# Work for UK company remotely from US



## baeraudrey (Oct 8, 2011)

Hi,

I am a US citizen and currently work for a UK company in Cambridge, England. My husband is having trouble finding work and we are would like to move back to the US. Does anyone know if it would be possible to work remotely from the US for the UK company?  As I am a US citizen, I don't need a US visa and my UK visa is good for another year and a half. I don't believe the UK company has a US office so just transferring to the US office isn't an option. I've read that I might be able to work as a contractor, but am not sure.Any information on the possibility of working and any tax implications (I make well below the threshold for double taxation) would be greatly appreciated!

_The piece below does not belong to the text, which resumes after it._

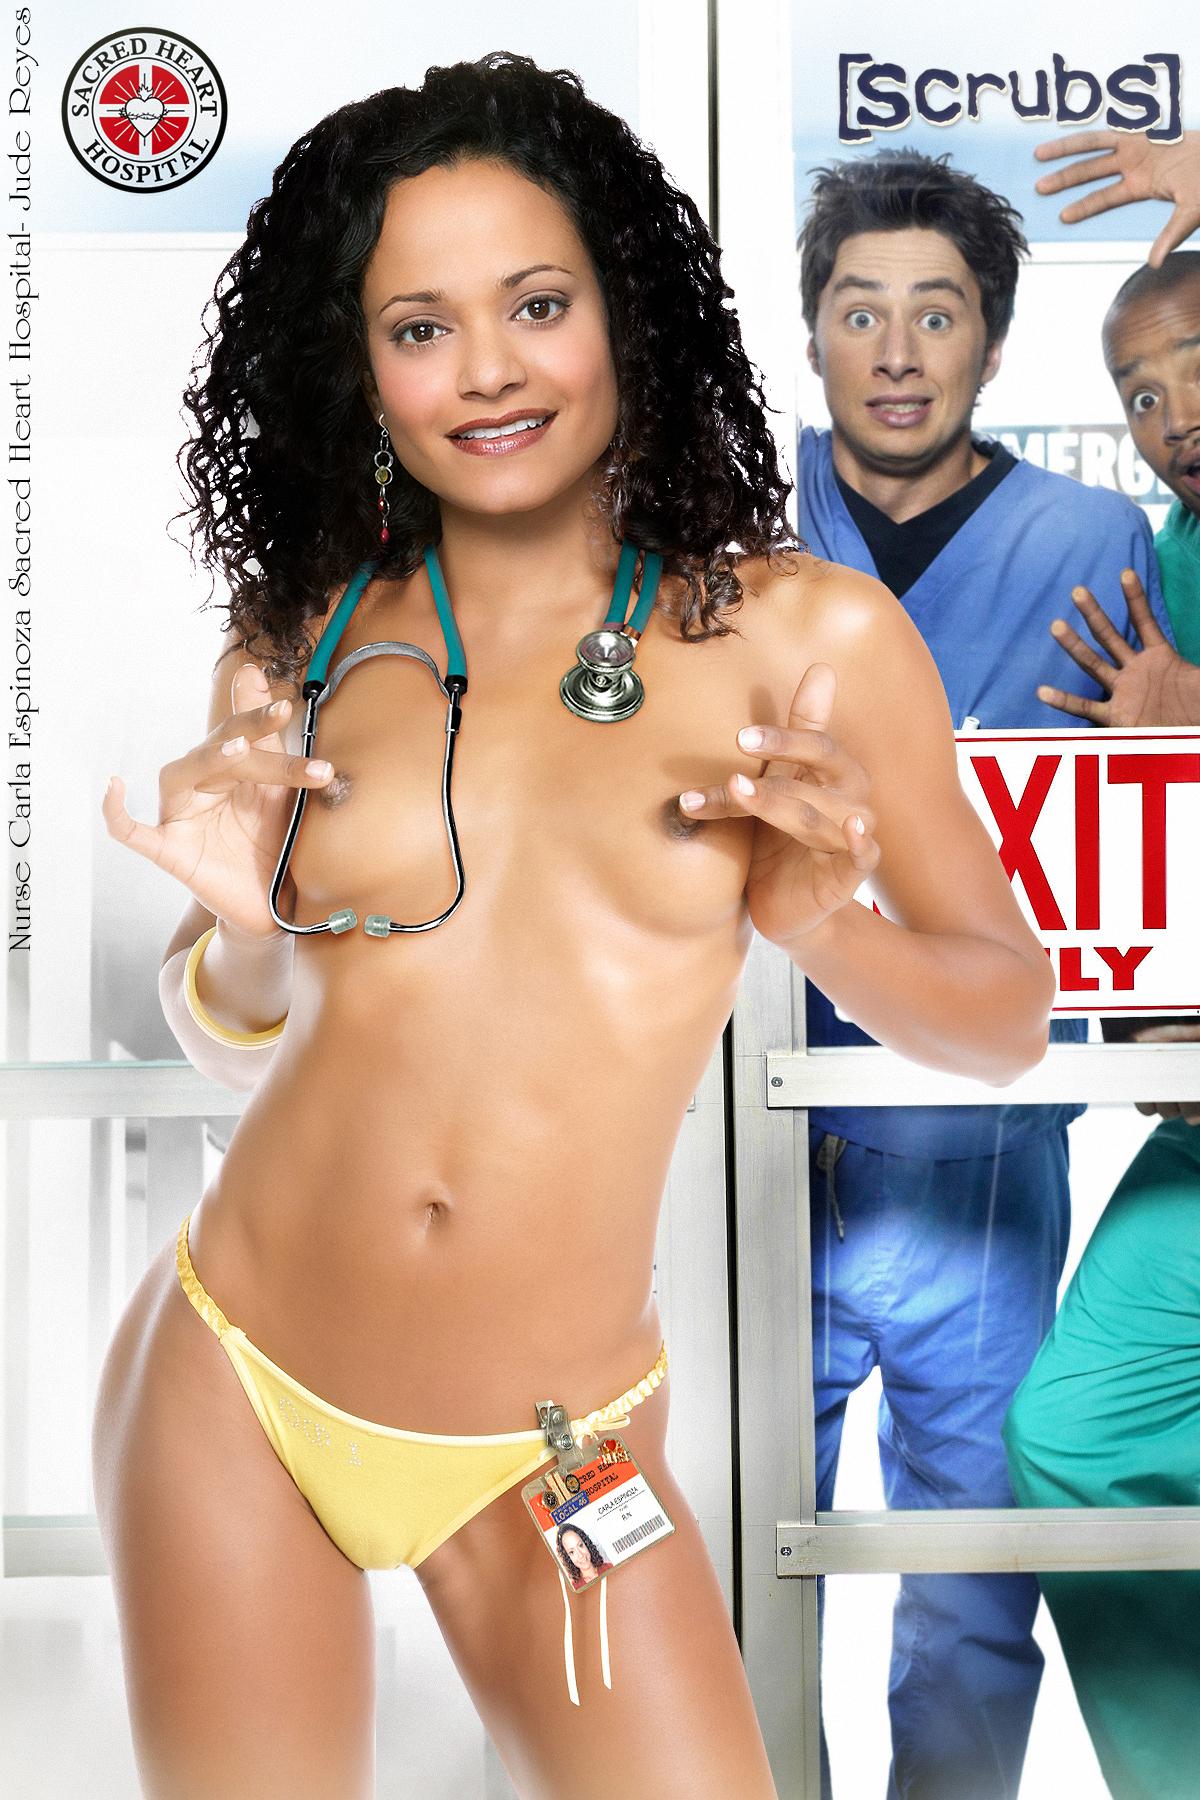 Carla i scrubs naked

Thank you!!

Best,
Audrey


----------



## Bevdeforges (Nov 16, 2007)

As a US citizen residing in the US, you'd just about have to work for the UK company on a contract basis. You may want to speak to an accountant or enrolled agent to help you set up this arrangement, as it means you'll be responsible for all your own taxes (including US social security and any local payroll taxes based on where you wind up in the US).

The one big caveat about working as a "contractor" is that it does very much tend to draw IRS attention - because contractor status is often abused, particularly by employers in the US. Rule of thumb is that the IRS is suspicious of anyone working on a "contractor" basis if they don't have multiple clients. 

One other thing I'll mention in connection with working on a "contractor" basis is that your hourly rate or your "salary" should be adjusted for the change in status. As an employee, your employer is paying out a certain amount as their portion of your social insurances, is supplying a work space and supplies (paper, pencils, printers, postage, etc.). On a contract basis, you'll be paying for your own supplies and other expenses, as well as having to handle the accounting for taxes and benefits for yourself. On a contract basis, make sure you take these expenses into account before agreeing to the amount you'll be paid (or make sure your contract reads $x plus expenses).

Double taxation is not an issue for you on return to the US. But, to get your husband's visa, you will have to have your US tax filings current. If you haven't been filing the last few years, get those back filings done now, before you put in the paperwork for hubby's visa!
Cheers,
Bev


----------